*WHAT NEEDS TO BE DONE*.
Start at the first line below and write out everything verbatim except the pictures.

*DATA SHOWN*.
-----

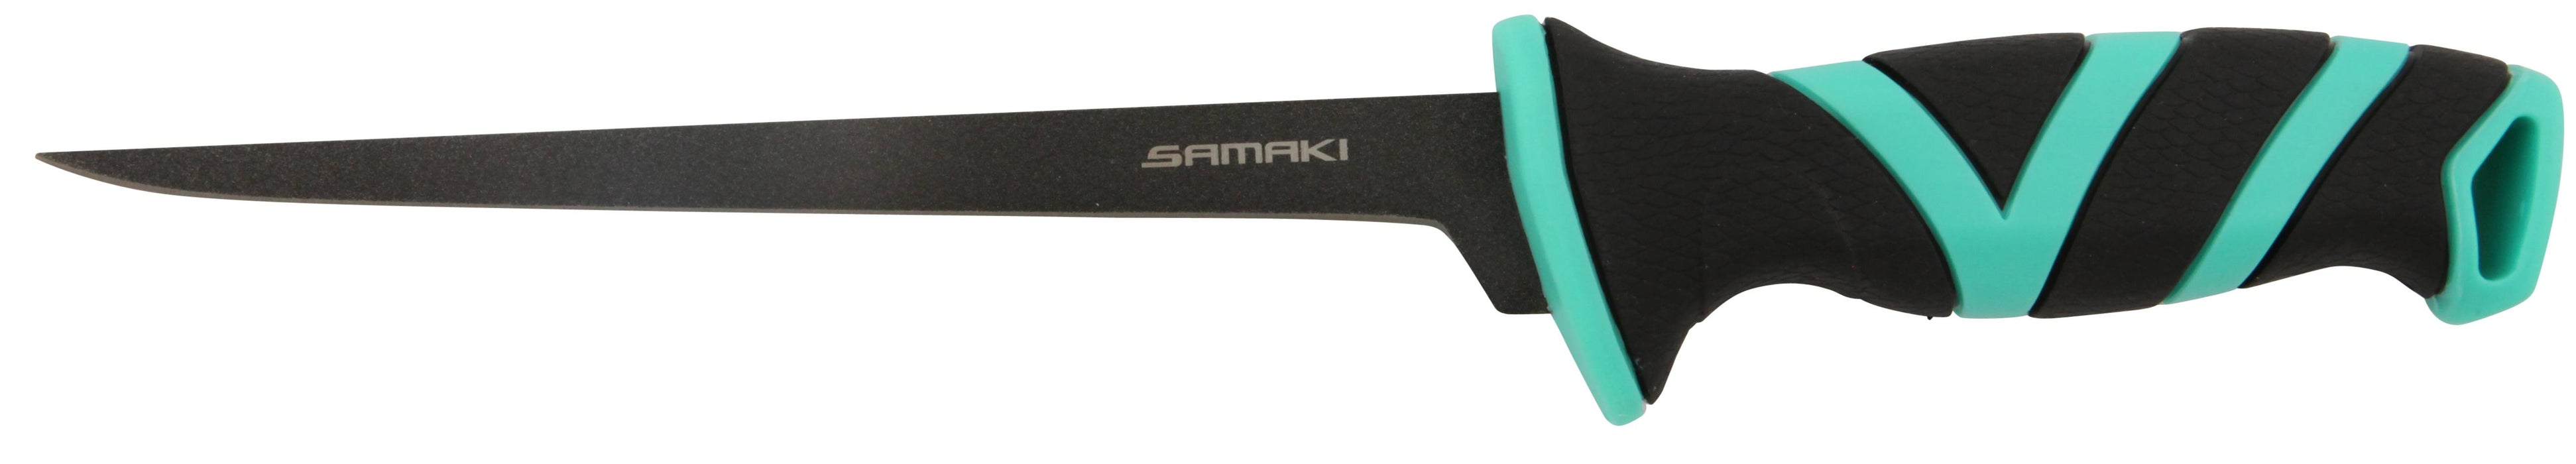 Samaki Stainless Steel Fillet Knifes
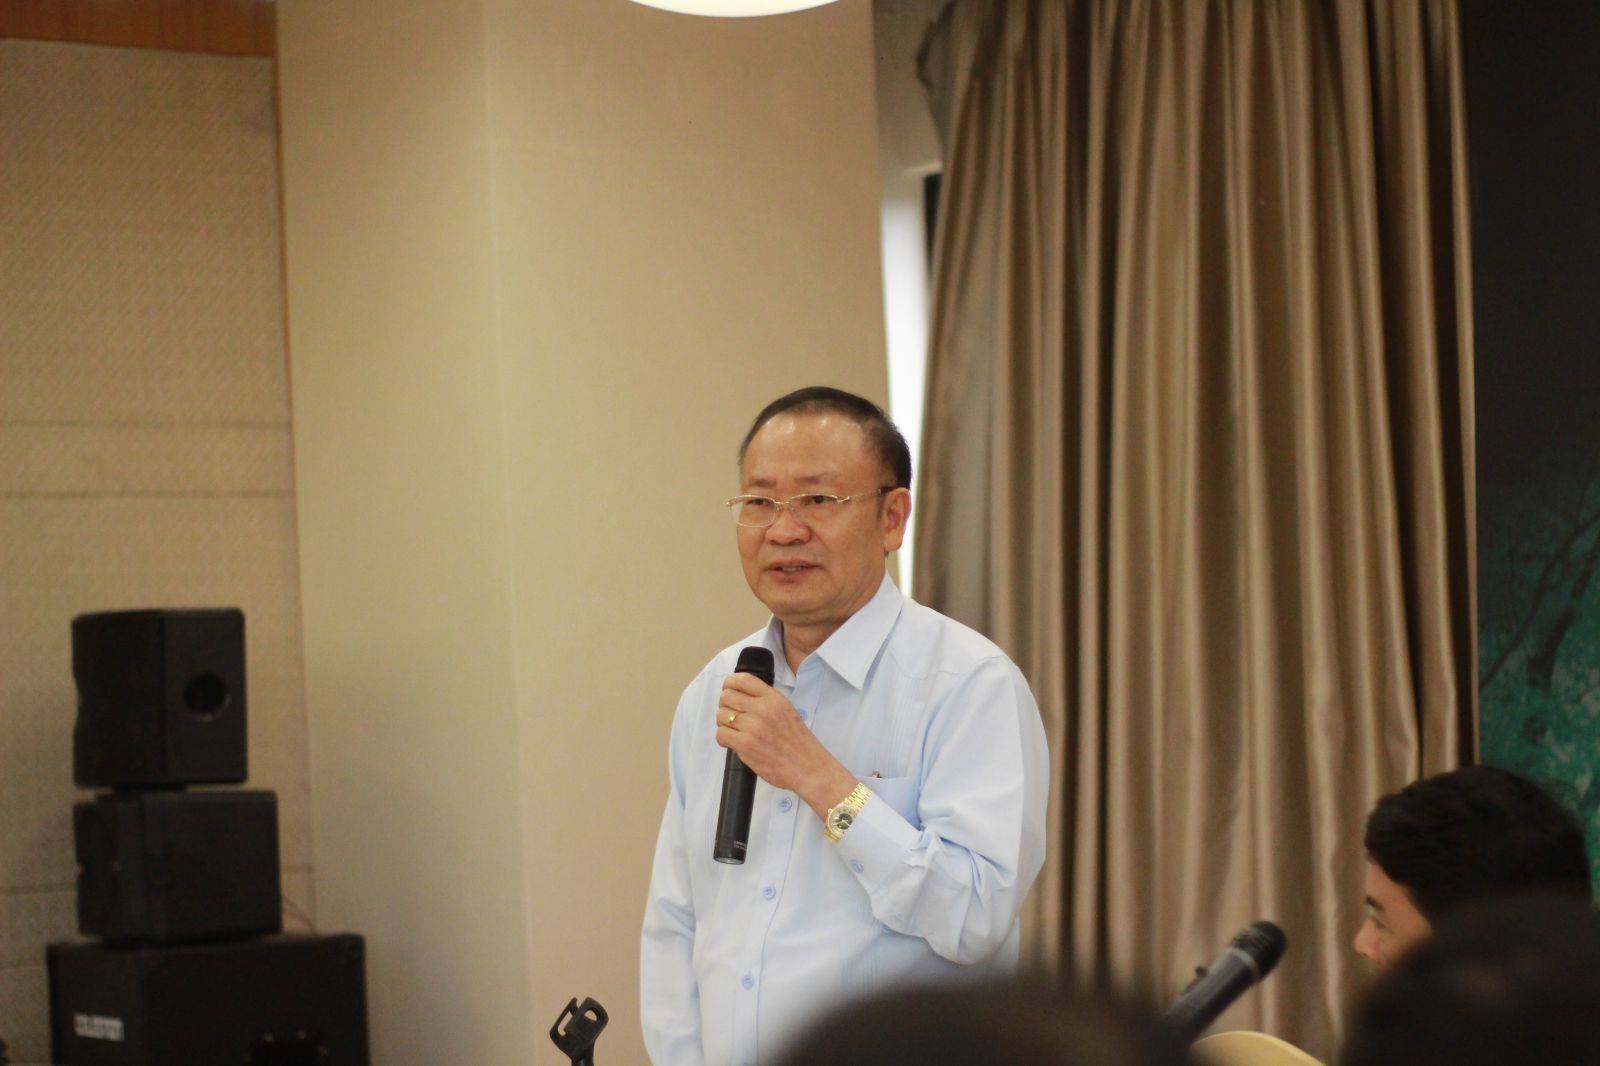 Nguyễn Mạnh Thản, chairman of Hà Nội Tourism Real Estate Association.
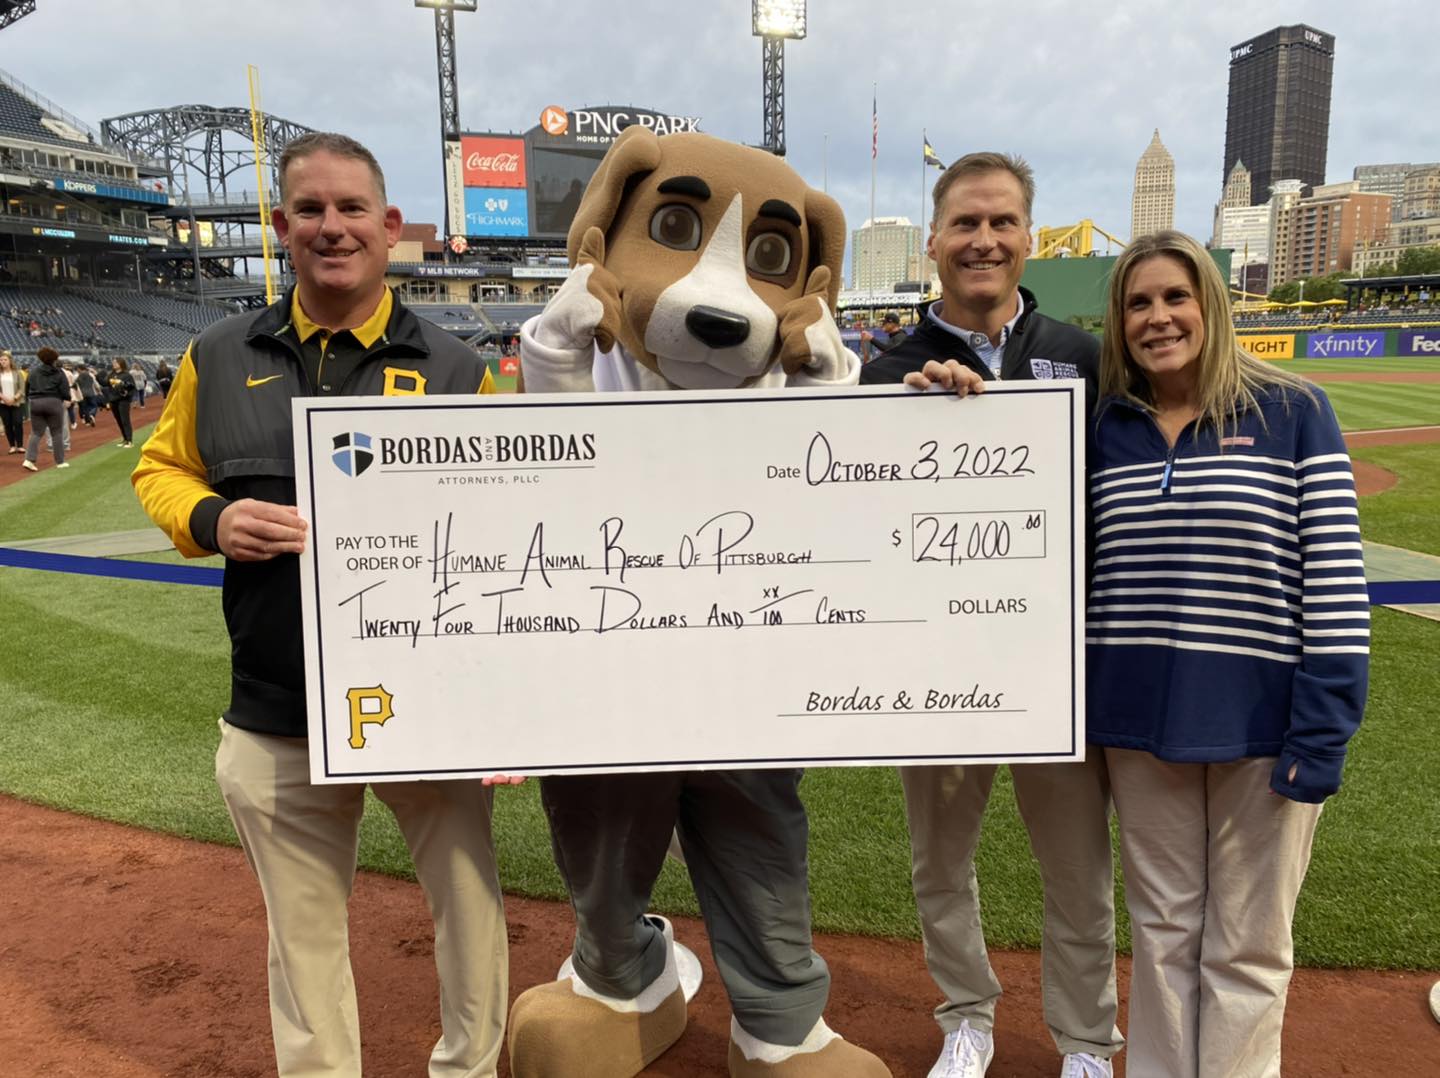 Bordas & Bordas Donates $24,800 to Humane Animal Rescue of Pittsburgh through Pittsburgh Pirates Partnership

-----

*SOLUTION TO THE PROBLEM*.
 Samaki Stainless Steel Fillet Knifes
 Nguyễn Mạnh Thản, chairman of Hà Nội Tourism Real Estate Association.
 Bordas & Bordas Donates $24,800 to Humane Animal Rescue of Pittsburgh through Pittsburgh Pirates Partnership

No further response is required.